- Perungudi, Tiruchirapalli Location in Tamil Nadu, India
- Coordinates: 10°49′25″N 78°38′15″E﻿ / ﻿10.823648°N 78.63739°E
- Country: India
- State: Tamil Nadu
- District: Tiruchirappalli
- Elevation: 77 m (253 ft)

Languages
- • Official: Tamil
- Time zone: UTC+5:30 (IST)

= Perungudi, Tiruchirappalli =

Perungudi is a village in Andanallur Taluk in the Tiruchirappalli District of the Indian state of Tamil Nadu. A part of Malliyampathu Panchayath, it is located 7 kilometers west of district headquarters and 9 kilometers from Andanallur.

==Language==
The local language of the town is Tamil.

==Transport==
Tiruchirappalli Fort Railway Station, and Tiruchirappalli Railway Station are nearby.

==Education==
- Cauvery College Of Engineering And Technology
- Kamatchi Polytechnic College

==Schools near Perungudi==
- Bharathy High School
- S.S.M.S, Arumbugal Nagar
- St. Gabriels M.s
- GHS, Thiruchendurai

==Temple==
2 km from Somarasampettai is a temple connected with the Kumara Vayalur Murugan temple that is a monument of Sundara Chola and Adithya II periods.

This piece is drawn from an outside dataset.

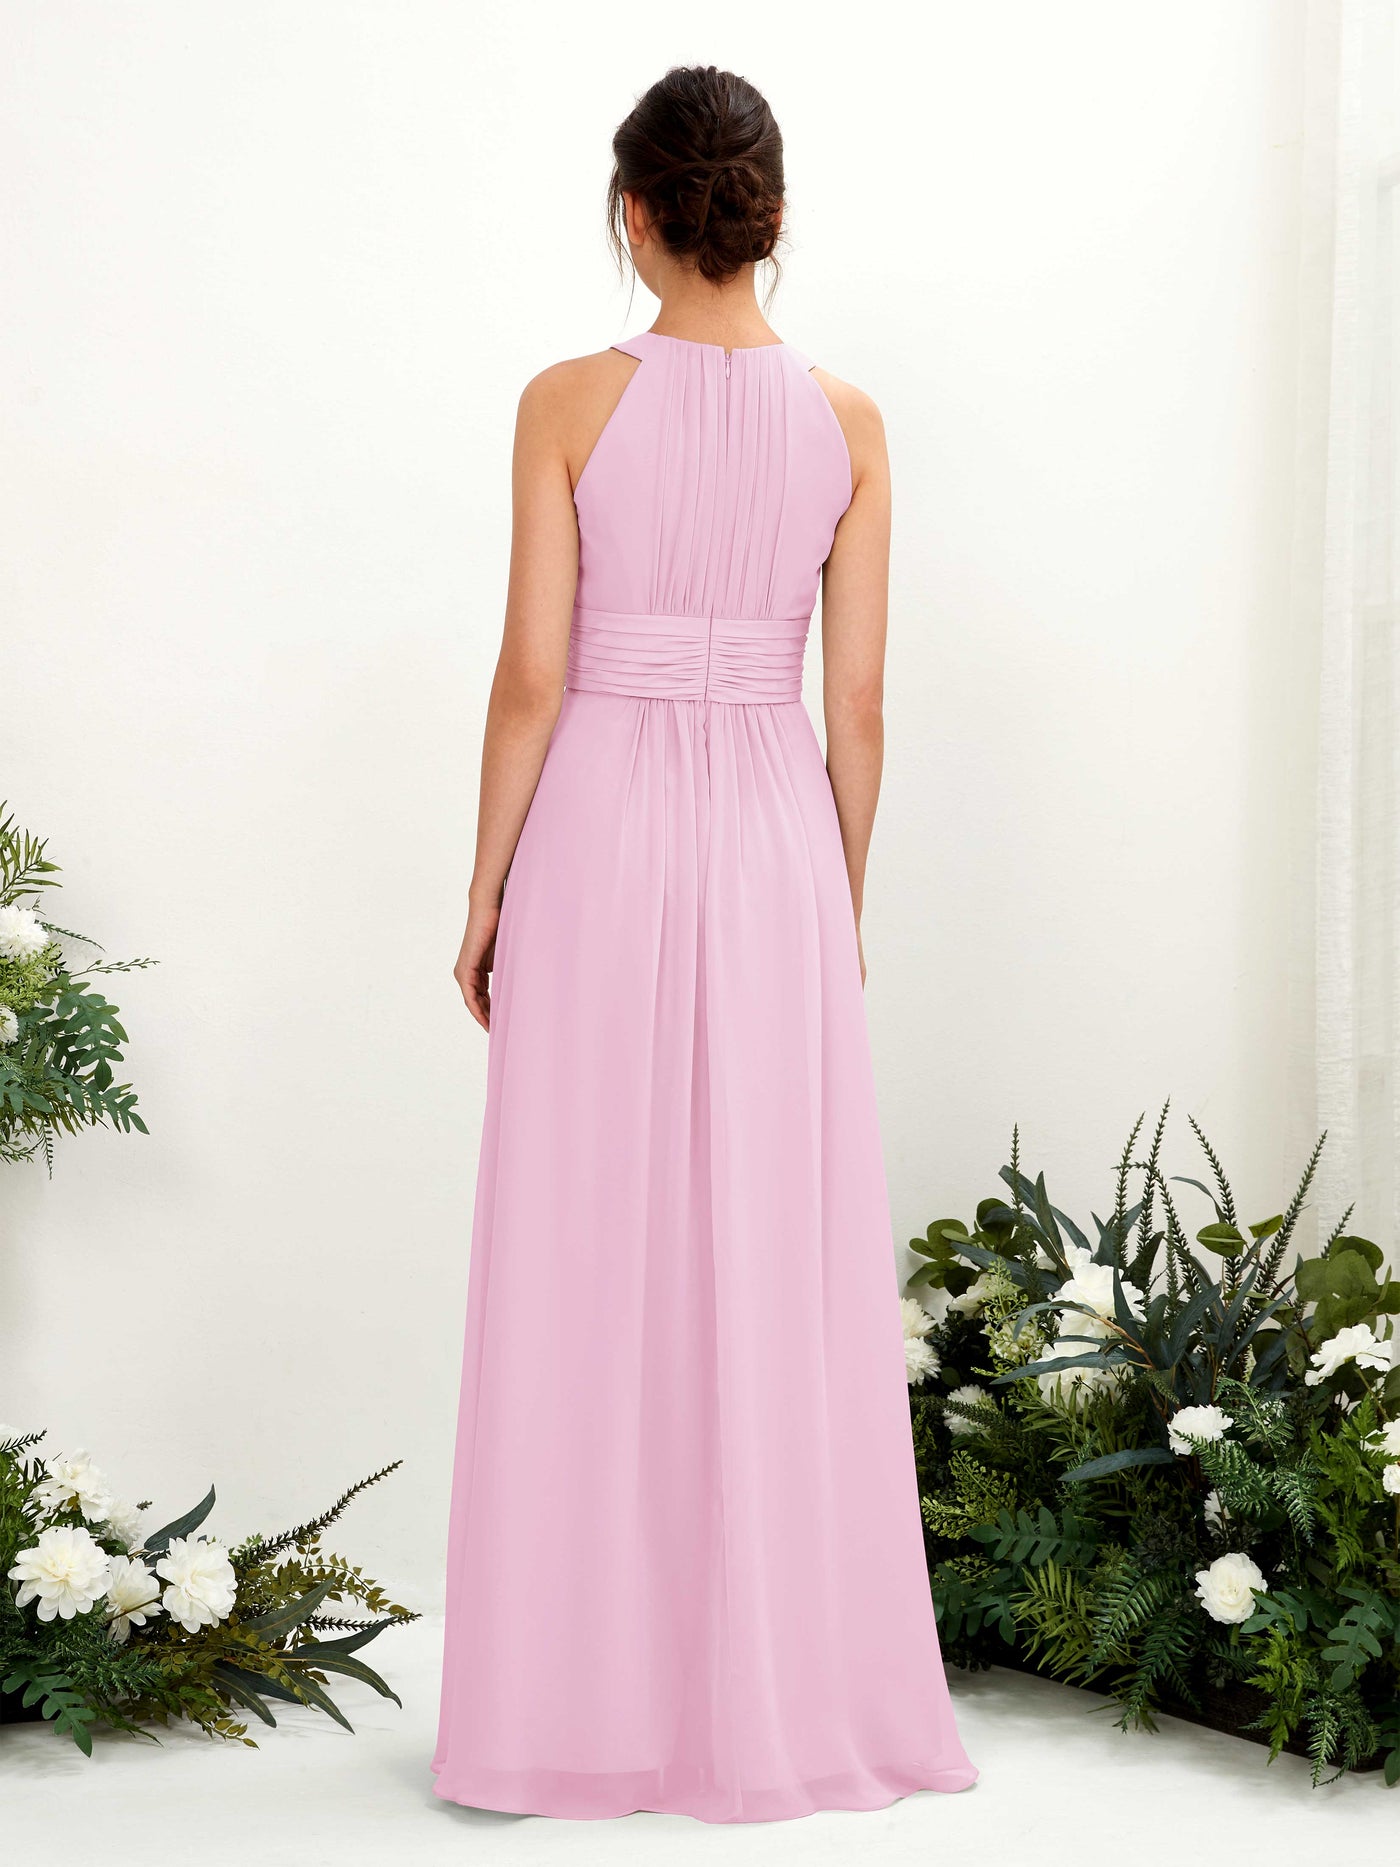 Candy Pink Bridesmaid Dresses Bridesmaid Dress A-line Chiffon Halter Full Length Sleeveless Wedding Party Dress (81221539)#color_candy-pink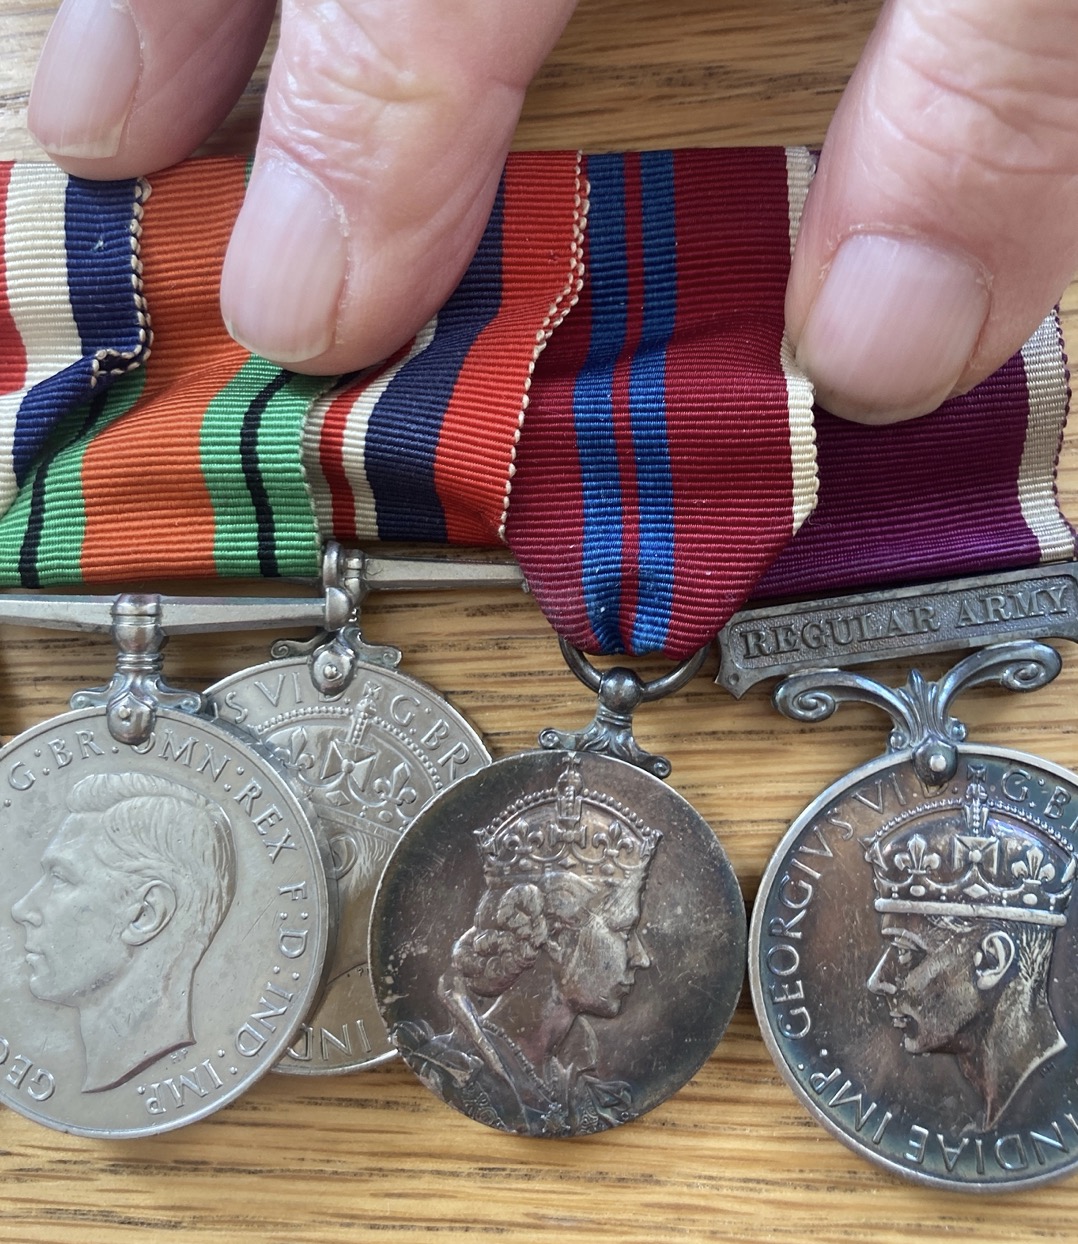 Mike’s father’s medals include The Queen’s Coronation medal

Balasubramaniar is presented with a face and four hands along with Devayani in standing posture. Idols have been discovered in various places inside the temple. At one location Saneeswaran faces Murugan. In another the Shiva statue named Agastheeswarar is tilted, allegedly because Lord Shiva, while accepting a gift from a handicapped woman (as a token of love), had to bend sideways to receive it. The temple was dated to 969 A.D. In another spot the Vishnu statue is just outside Shiva Sannidi.